Abstract:
There has been a proliferation of Web 2.0 sites on the Internet. Contemporary Web 2.0 sites
like Facebook and Twitter are primarily driven by user generated content (UGC). On the other
hand, the volume of content by such user contributions has been increasing rapidly. However,
user generated content may not conform to the set of guidelines and rules of the websites. Sub-par
content can severely a ffect user engagement, retention and also have an adverse impact on
information retrieval systems. Therefore, there is an impending need to manage and enhance
content quality on Web 2.0 sites. In this thesis, we investigate three broad objectives – (1) Low
quality content, (2) Content Quality Systems and (3) Information Retrieval Enhancement. In
order to address these objectives, first - we look at low quality questions on a popular programming
based community based question answering (CQA) website called Stackoverflow.
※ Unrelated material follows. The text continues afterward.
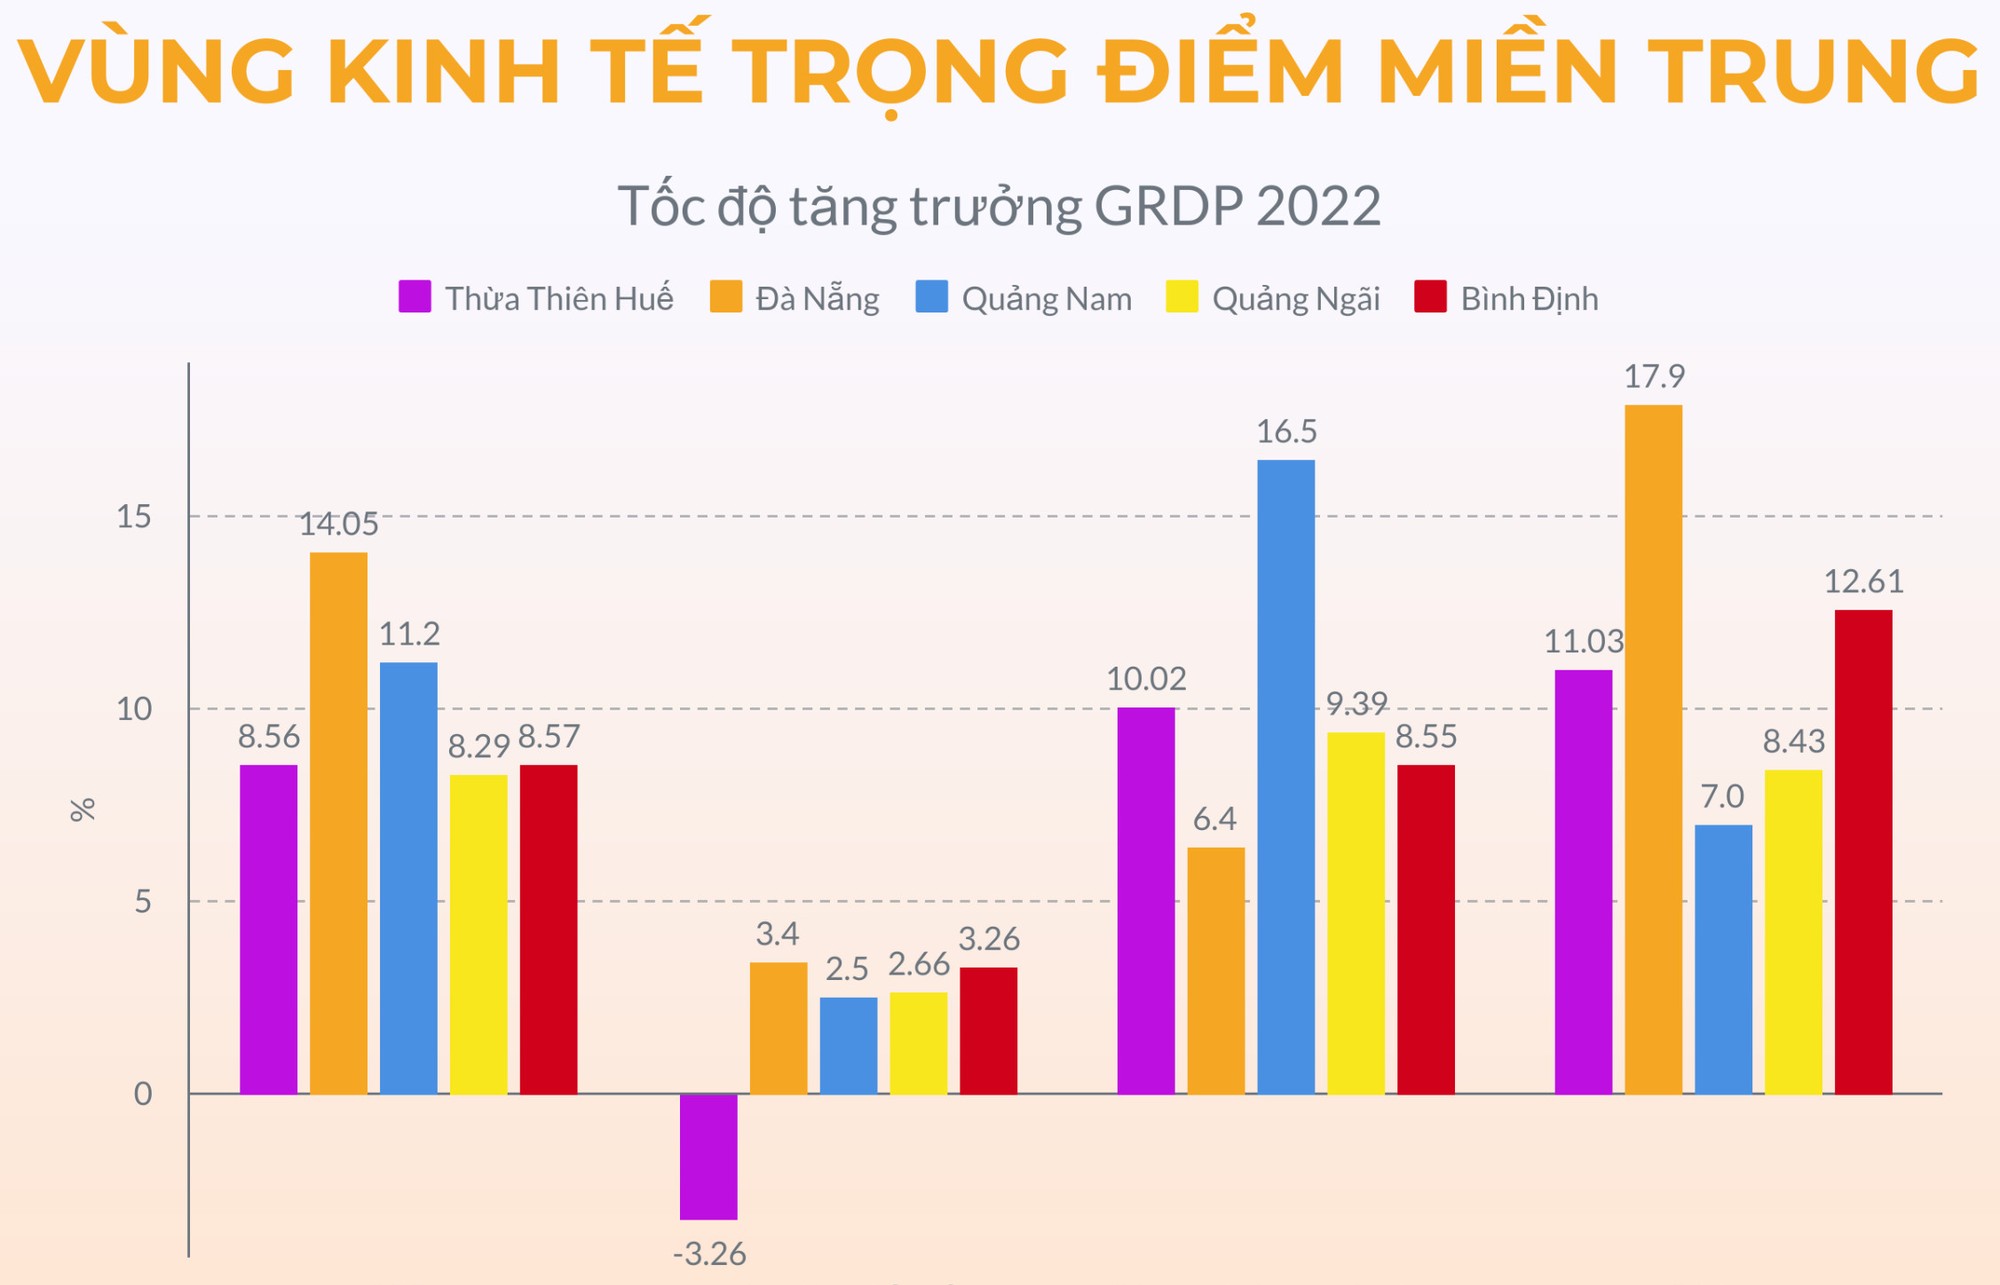 Inforgraphic: Tăng trưởng kinh tế năm 2022 Vùng Kinh tế trọng điểm miền Trung

We analyze user behavior, content patterns and also build supervised machine learning based
predictive systems to detect low quality questions. In context to the second objective, we look
at enhancing content quality on Issue Tracking Systems - a popular artifact used by developers
during the software maintenance lifecycle. We conduct surveys from software practitioners to
understand the needs of the community and discover that developers frequently use the Internet
for their daily tasks. In order to reduce the context switch for software maintenance professionals,
we develop two systems – (i) CQA integration with Issue Tracking Systems and (ii) Web
Reference Management Browser Plugin. We develop both these systems to reduce cognitive
load on software maintenance professionals during their daily tasks. In context to the third objective,
we look at quality enhancement on social media to help information retrieval systems.
Concretely, we propose a new algorithm to utilize social interactions to discover homogeneous
topic-based communities on a social network. To address the challenge of scalability, our algorithm
only visits required portions of the network based on an expectation-maximization
approach. Further, we also propose an algorithm for tag recommendation on social media.
Specifically, we utilize Twitter to suggest tags to external linked media like Flickr, Youtube
and Soundcloud. In conclusion, we look at diff errant perspectives for quality analysis, systems,
detection and enhancement of content on Web 2.0 sites.